You can use anything...I use cubanelles all the time, and poblanos as well. Stuff with cheese, and/or sausage, wrap in bacon, about 2 hours, ooo-la-la.


----------



## SmokinAl (Feb 22, 2011)

Yep the options are limitless, about 2-2 1/2 hours, and always wrap in thin bacon, it will get crispy.


----------



## pineywoods (Feb 22, 2011)

I have used lots of different kinds of peppers and they all seem to work well. As Al said they take a couple hours depending on smoker temps basically when the bacon is done to your tastes its ready


----------



## cycletrash (Feb 22, 2011)

once they are wrapped in bacon , anything taste good!


----------



## scarbelly (Feb 22, 2011)

Yup just stuff away and wrap in thin bacon and plan on about 2- 2 1/2 hours


----------



## ellymae (Feb 22, 2011)

Those are exactly what I use and they work great.


----------



## czarcastic (Feb 22, 2011)

If you can find them near you, try the sweet mini bell peppers.  They work great for ABT's!

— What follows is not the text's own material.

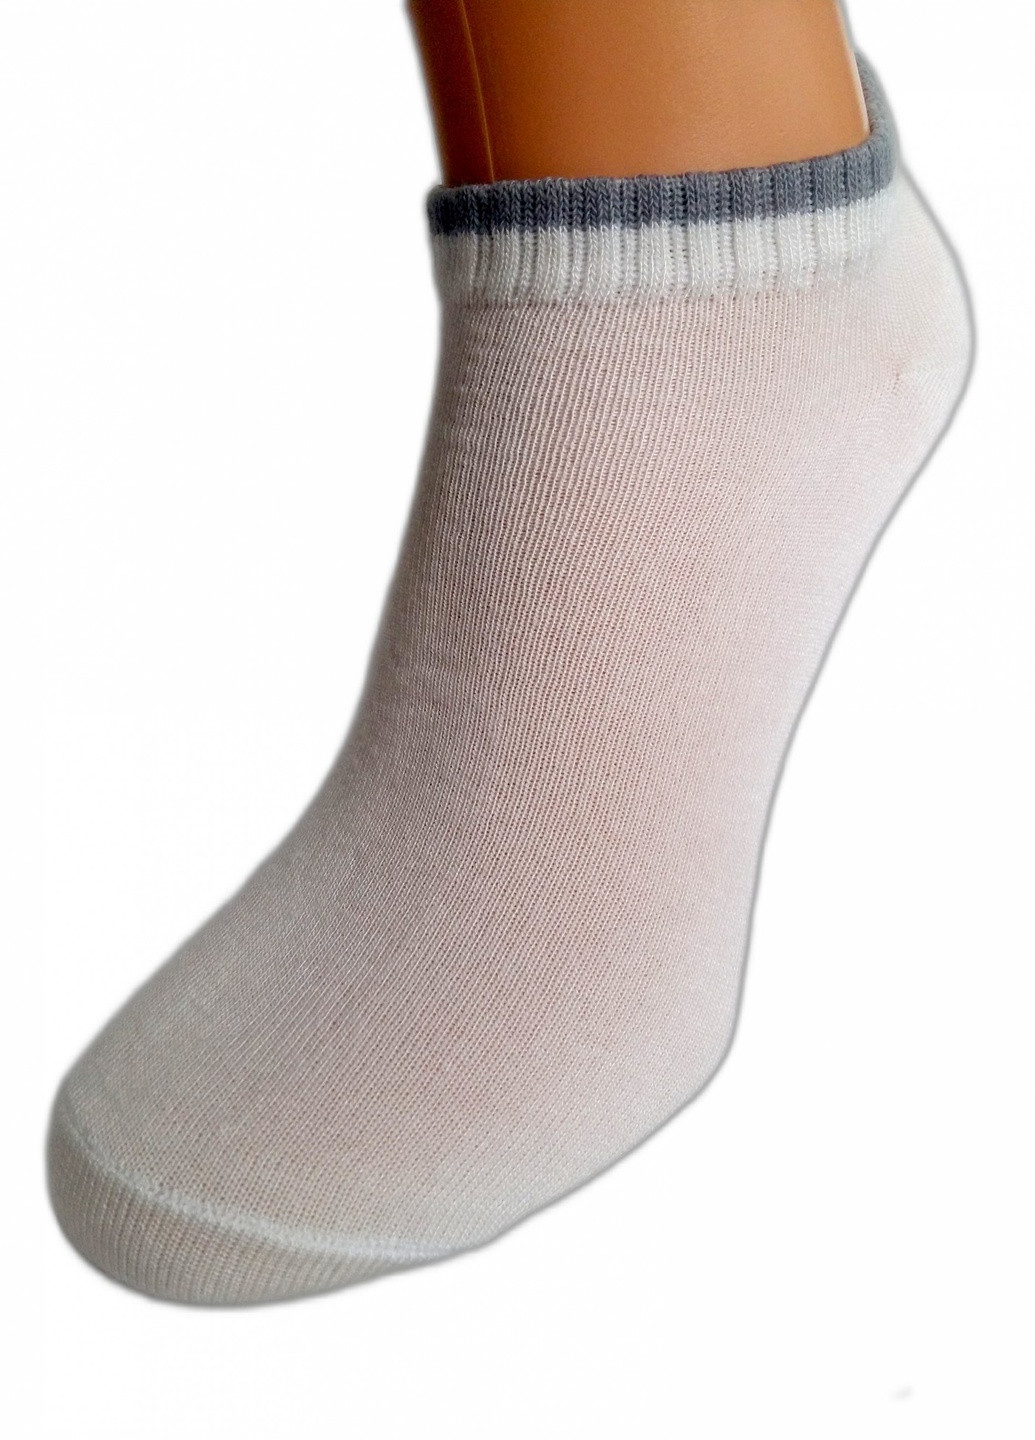 Шкарпетки чоловічі "Нова пара", бамбук укорочені 438-301 розмір 42-44(27-29) білі з смужкою НОВА ПАРА укорочена висота з ущільненім носком однотонні білі повсякденні

I buy them at the grocery store in a 2# bag.  Costco sells them in a 1.5# plastic tray

It's a mix of red, yellow, and orange peppers that are about the size of a jalapeno, only they are sweet like bell peppers.


----------



## mole177 (Feb 22, 2011)

Czarcastic said:


> If you can find them near you, try the sweet mini bell peppers.  They work great for ABT's!
> 
> I buy them at the grocery store in a 2# bag.  Costco sells them in a 1.5# plastic tray
> 
> ...


----------



## realtorterry (Feb 22, 2011)

Yeah I use the mini bells for my wife too. Usually a cream cheese & monterey + rub mixture & wrap in bacon. Like Al & Jerry said when the bacons done they're done. Let us know what you did & don't forget the qview!!


----------



## rednecksmoker (Feb 22, 2011)

Czarcastic said:


> If you can find them near you, try the sweet mini bell peppers.  They work great for ABT's!
> 
> I buy them at the grocery store in a 2# bag.  Costco sells them in a 1.5# plastic tray
> 
> It's a mix of red, yellow, and orange peppers that are about the size of a jalapeno, only they are sweet like bell peppers.


I like to use these peppers too when I can find them.  I use cream cheese and a white cheddar in mine.


----------



## venture (Feb 26, 2011)

I see no reason you couldn't use any pepper you can eat.  I don't think those sweet bells would be Atomic, though.  I think you would just have BT's.


----------



## beer-b-q (Feb 26, 2011)

I have used these before,  I think they are the same...

http://s63.photobucket.com/albums/h151/pkcdirect/?action=view&current=MiniSweetPepper.jpg


----------